/matmul

Matrix Multiplication code using Linux Kernel Module

Primary LanguageC

Matrix Multiplication using Linux Kernel Module

This repository contains code for performing matrix multiplication using a Linux kernel module. The matrix multiplication is implemented with parallel computation using submatrices and multiple threads.

Files

  1. matmul_kernel.c: This file contains the kernel code responsible for matrix multiplication. It receives and instantiates matrices A and B from user space to the kernel. The code splits the matrices into submatrices if the matrix size is greater than a certain threshold (SUBMAT_SIZE). It computes the multiplication results in each worker thread, synchronizes the thread results (until completion), combines the results, and sends them to user space. All kernel processes happen within the /proc directory and are later offloaded to user space.

  2. matmul_user.c: This file contains the user space code. When executed, it prompts the user for the matrix size, inputs for matrices A and B, and then displays the resulting matrix. The matrices A and B are sent to kernel space for computation.

  3. Makefile: This Makefile is used to build the kernel modules and compile the user space C code.
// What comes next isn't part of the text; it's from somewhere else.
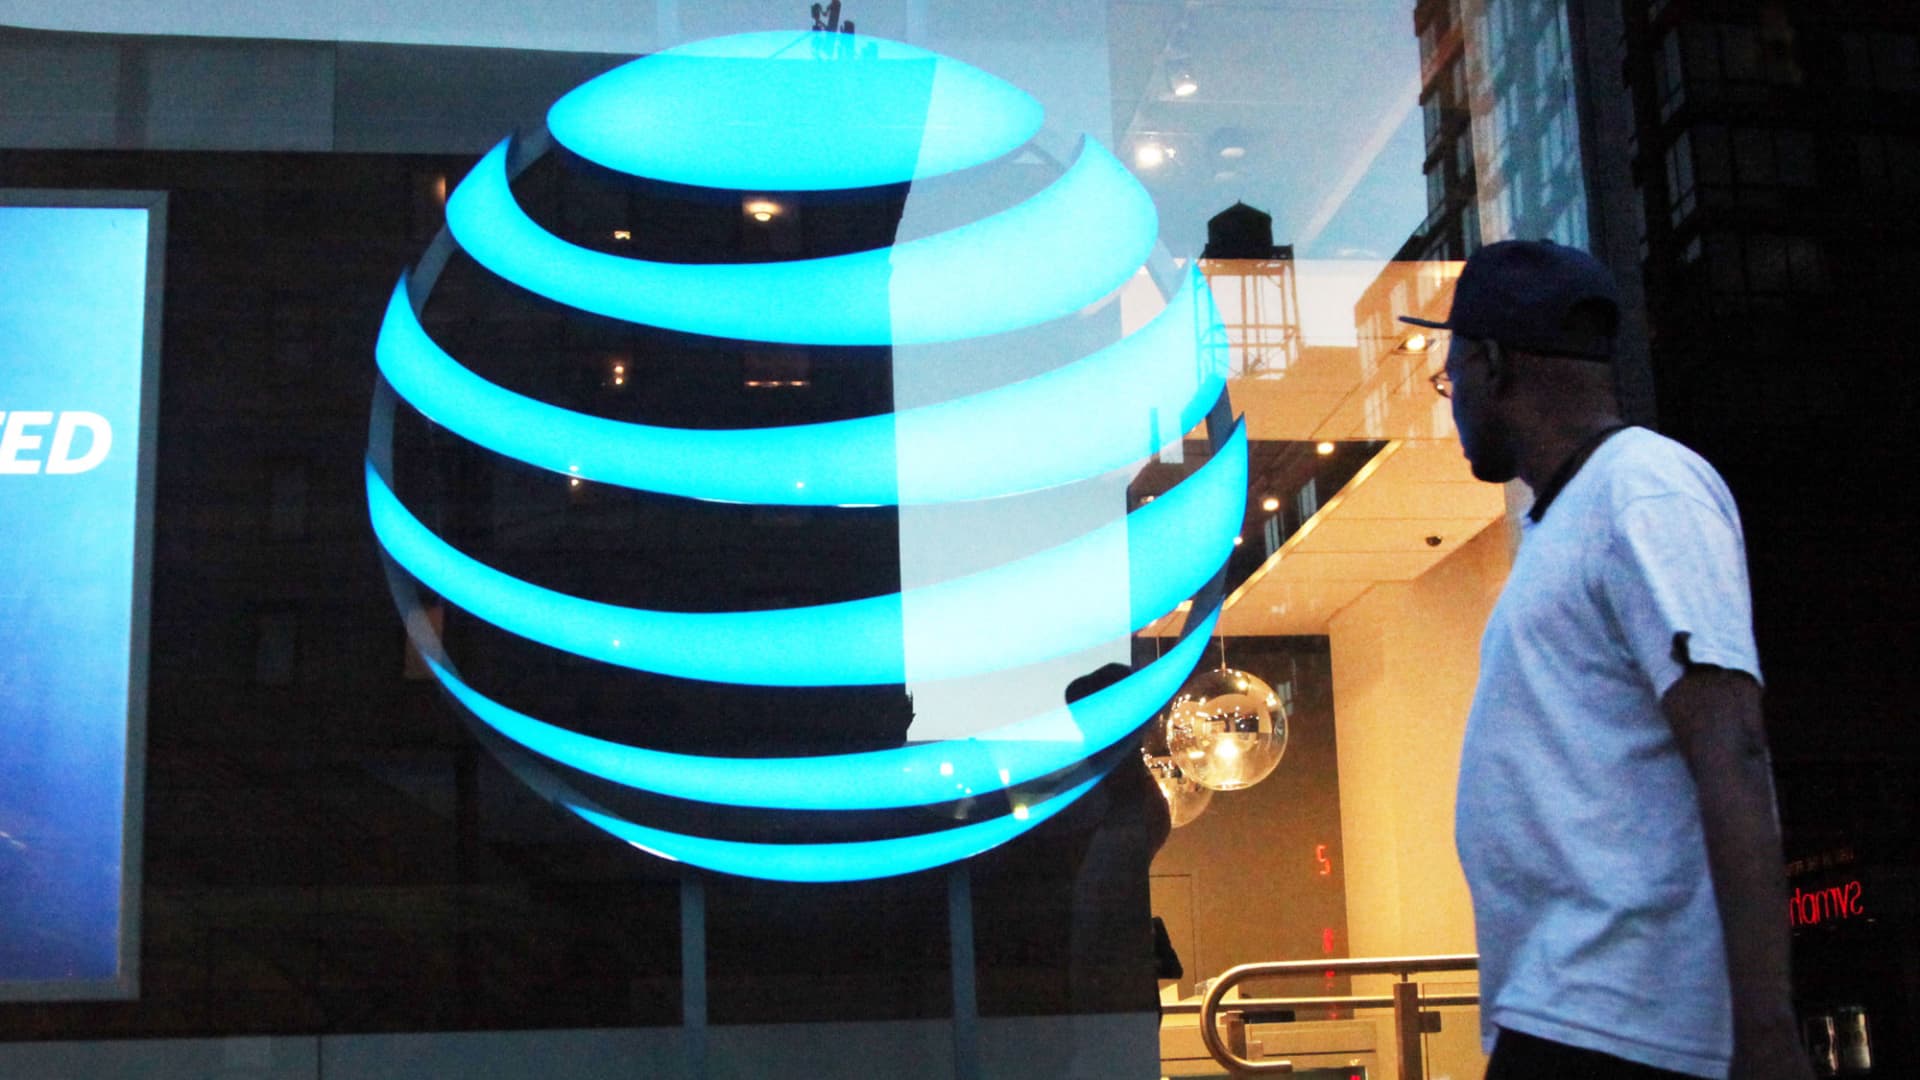 AT&T subscriber growth tops analyst expectations, stock jumps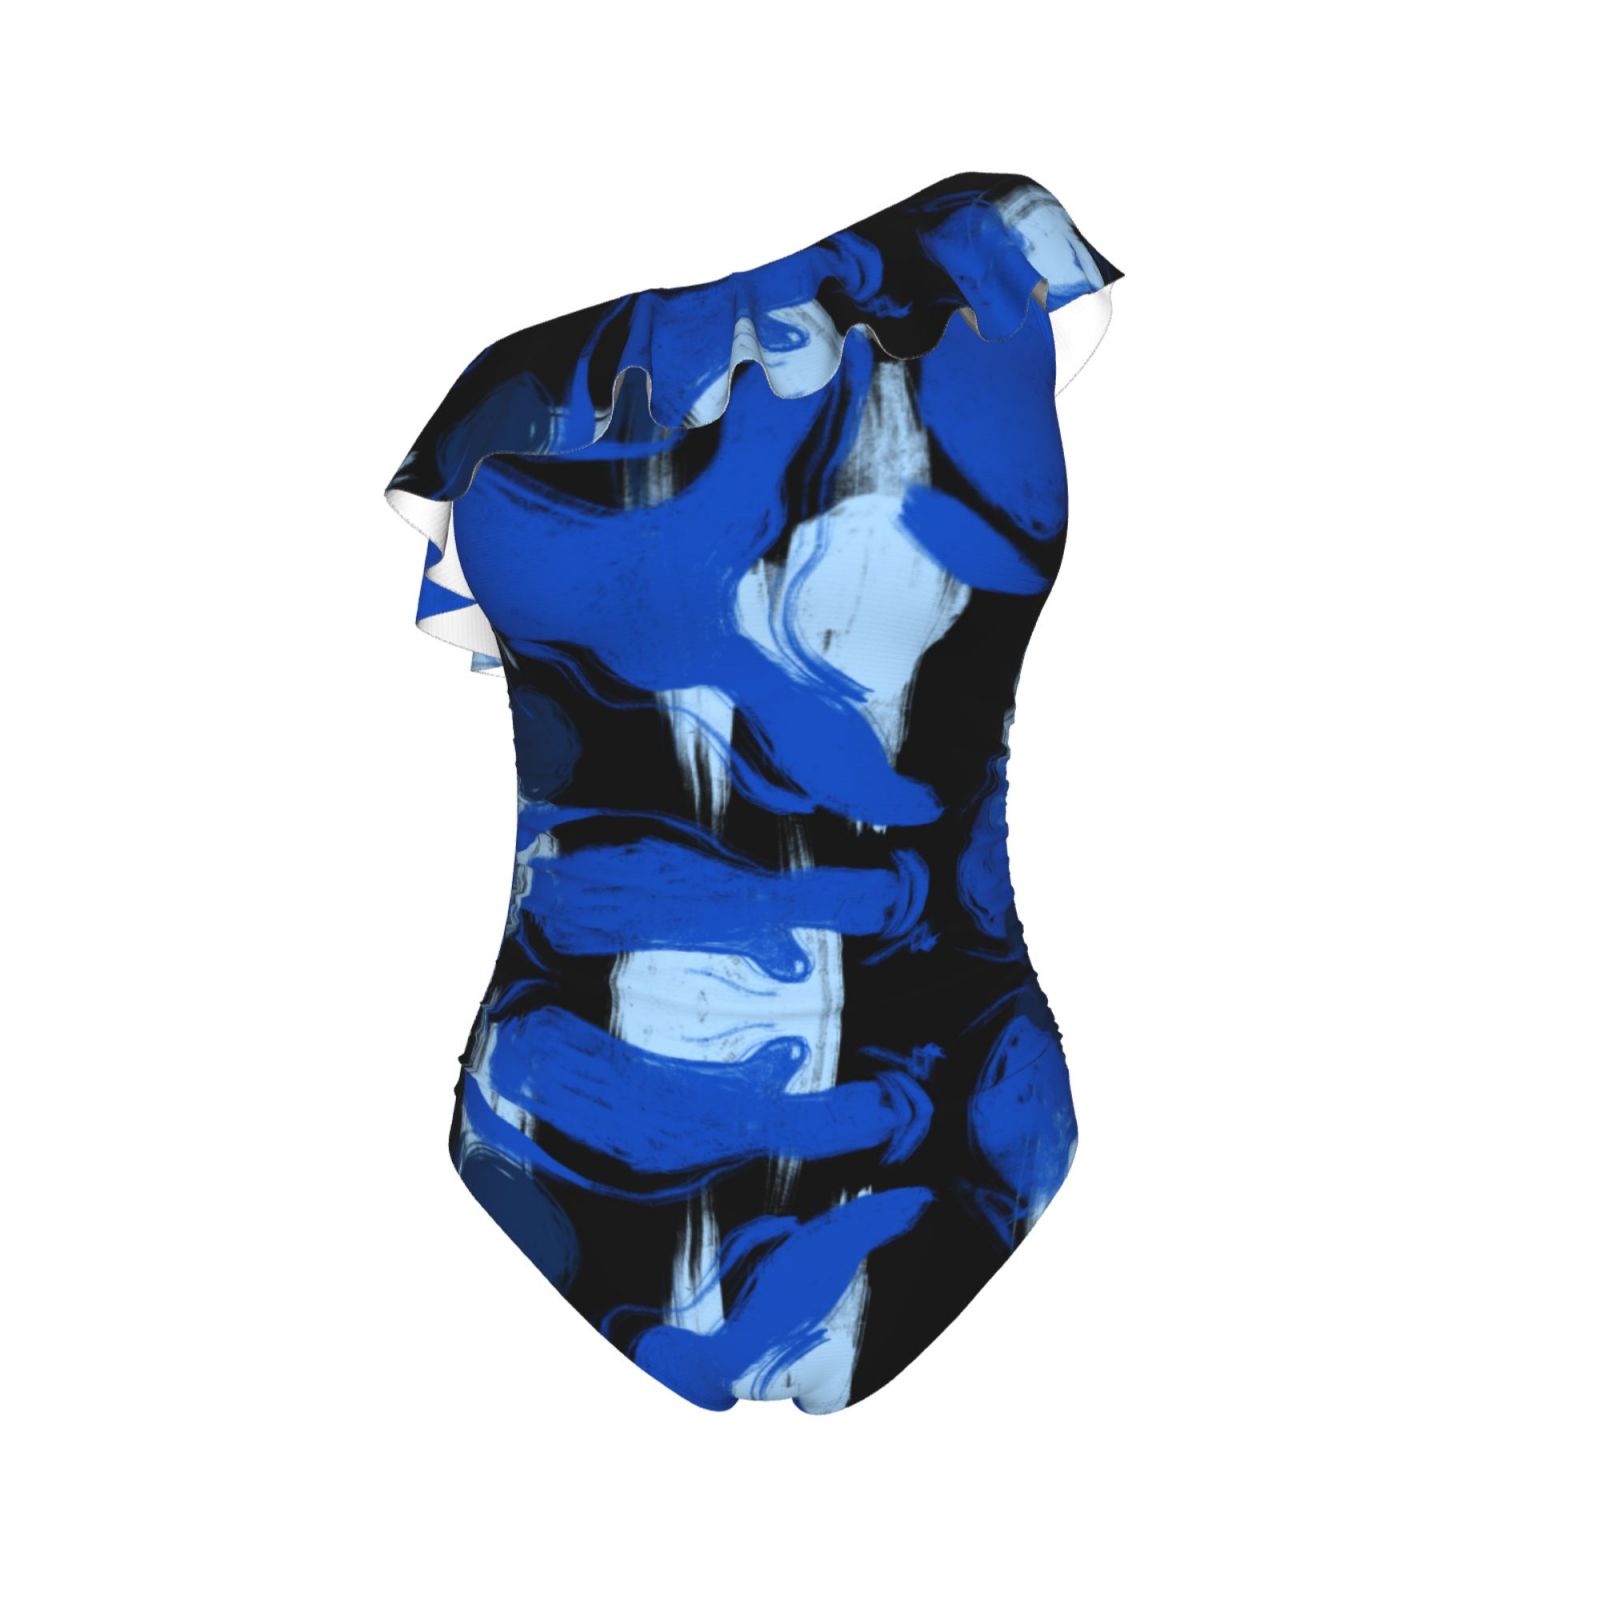 One Shoulder Ruffle Swimsuits

It streamlines the compilation and building process.

  4. load_kernel.sh: This script runs the Makefile, inserts the matmul module into the kernel, and executes the compiled user space code to perform the matrix multiplication.

  5. rem_kernel.sh: This script first unloads the matmul module from the kernel and then runs make clean to remove all kernel-related files.

Usage

To run the matrix multiplication, follow these steps in a terminal in the matmul directory:

  1. Use the sudo su command to become a superuser or switch to root.

  2. Execute the load_kernel.sh script to compile and load the kernel module, and then run the user script.

  3. If needed, execute the rem_kernel.sh script to unload the kernel module and clean up.

Please ensure you have a compatible environment and necessary permissions before running these scripts.

Acknowledgements

This project was inspired by various resources:

  • OpenAI's ChatGPT for providing assistance and guidance on developing the kernel module and user space code.
  • Stack Overflow community for answering questions related to Linux kernel programming.
  • Linux Kernel Module Programming Guide for its detailed guide on creating kernel modules.

I am grateful for the insights gained from these sources during the development of this project.